# Avatar???



## hawk (Oct 1, 2007)

Hi,

As you can see I have an image of my BMD (big majestic dog) for my avatar. Where is it that most of you have found your composer avatars?

In case your interested my dog is a BMD Bernese Mountain Dog. His name is Odin Jara. In this photo he was about 1 1/2 years old. Now he is 3 1/2. He weighs about 120lbs. BMD's are wonderful animals.


----------



## von (Oct 9, 2007)

hm...i chose my avatar because i recently learnt that the 'music scores' from the comic peanuts are extracts from beethoven pieces  lol


----------



## ChamberNut (Jan 30, 2007)

hawk said:


> Hi,
> 
> As you can see I have an image of my BMD (big majestic dog) for my avatar. Where is it that most of you have found your composer avatars?
> 
> In case your interested my dog is a BMD Bernese Mountain Dog. His name is Odin Jara. In this photo he was about 1 1/2 years old. Now he is 3 1/2. He weighs about 120lbs. BMD's are wonderful animals.

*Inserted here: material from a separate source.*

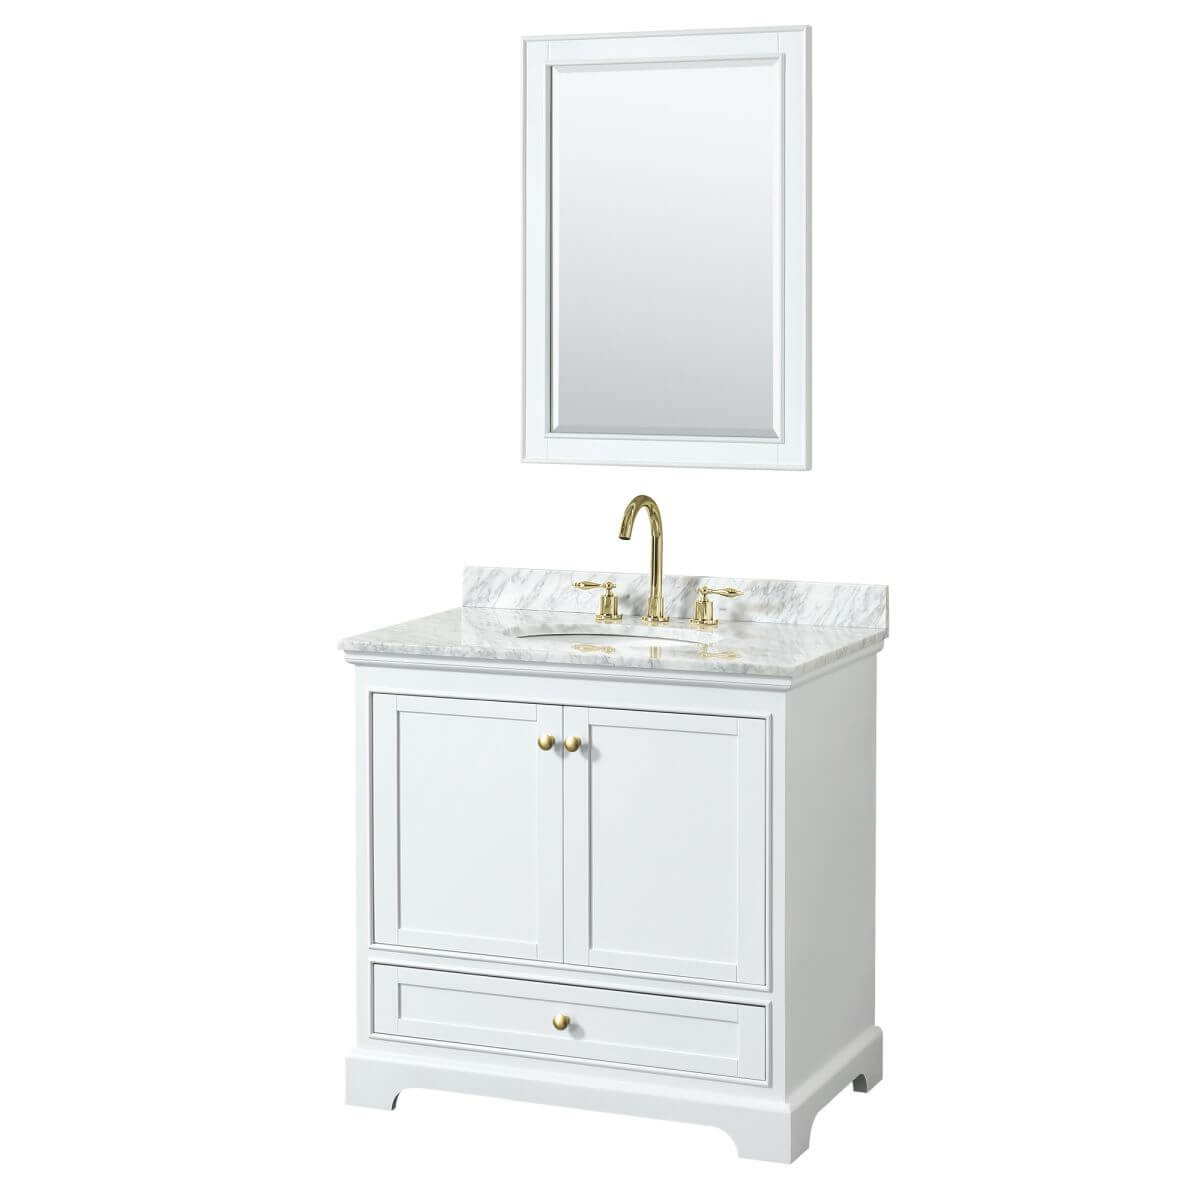 Wyndham Collection Deborah 36 inch Single Bathroom Vanity in White with White Carrara Marble Countertop, Undermount Oval Sink, Brushed Gold Trim and 24 inch Mirror - WCS202036SWGCMUNOM24

I got my composer avatar from doing a search on Google images.

Two doors down from us, the woman has two dogs, one of them a Bernese Mountain Dog. What a beautiful specimen of a dog!

As for me, we just got a pug puppy 1 1/2 months ago, her name's Beatrice.


----------



## Edward Elgar (Mar 22, 2006)

I got my avatar from a picture I took of myself back in 1889!
You should see how I look now!


----------



## Krummhorn (Feb 18, 2007)

The avatar I use came from a template I downloaded from somewhere years back. It is representative of what I play for a living.

Great answer, Edward Elgar ... I roared with laughter.

Kh


----------



## hawk (Oct 1, 2007)

Thanks for your reply's. I spent way too long looking for the magical avatar page on this forum 
E. Elgar thanks for the laugh...you are of course joking aren't you 

Peace
Hawk


----------



## Handel (Apr 18, 2007)

Avatar comes from a portrait of Handel by Balthasar Denner (c. 1726-1728).


----------



## oisfetz (Dec 11, 2006)

I've just change mine. I'suppose all of you know those three amateur players.
Pity they didn't recorded together as a trio. But 2 of them recorded a sonata,
and 2 a concerto.


----------



## StlukesguildOhio (Dec 25, 2006)

As a visual artist and art educator I needed to choose something artistic, didn't I? I've long been enamored of medieval art and the rose-window from Chartres cathedral is one of the most magnificent products of that age. I'm also fascinated with the manner in which that image (abstract as it is) suggests something musical... as well as something deeply spiritual... something like BACH! Clearly my favorite composer.


----------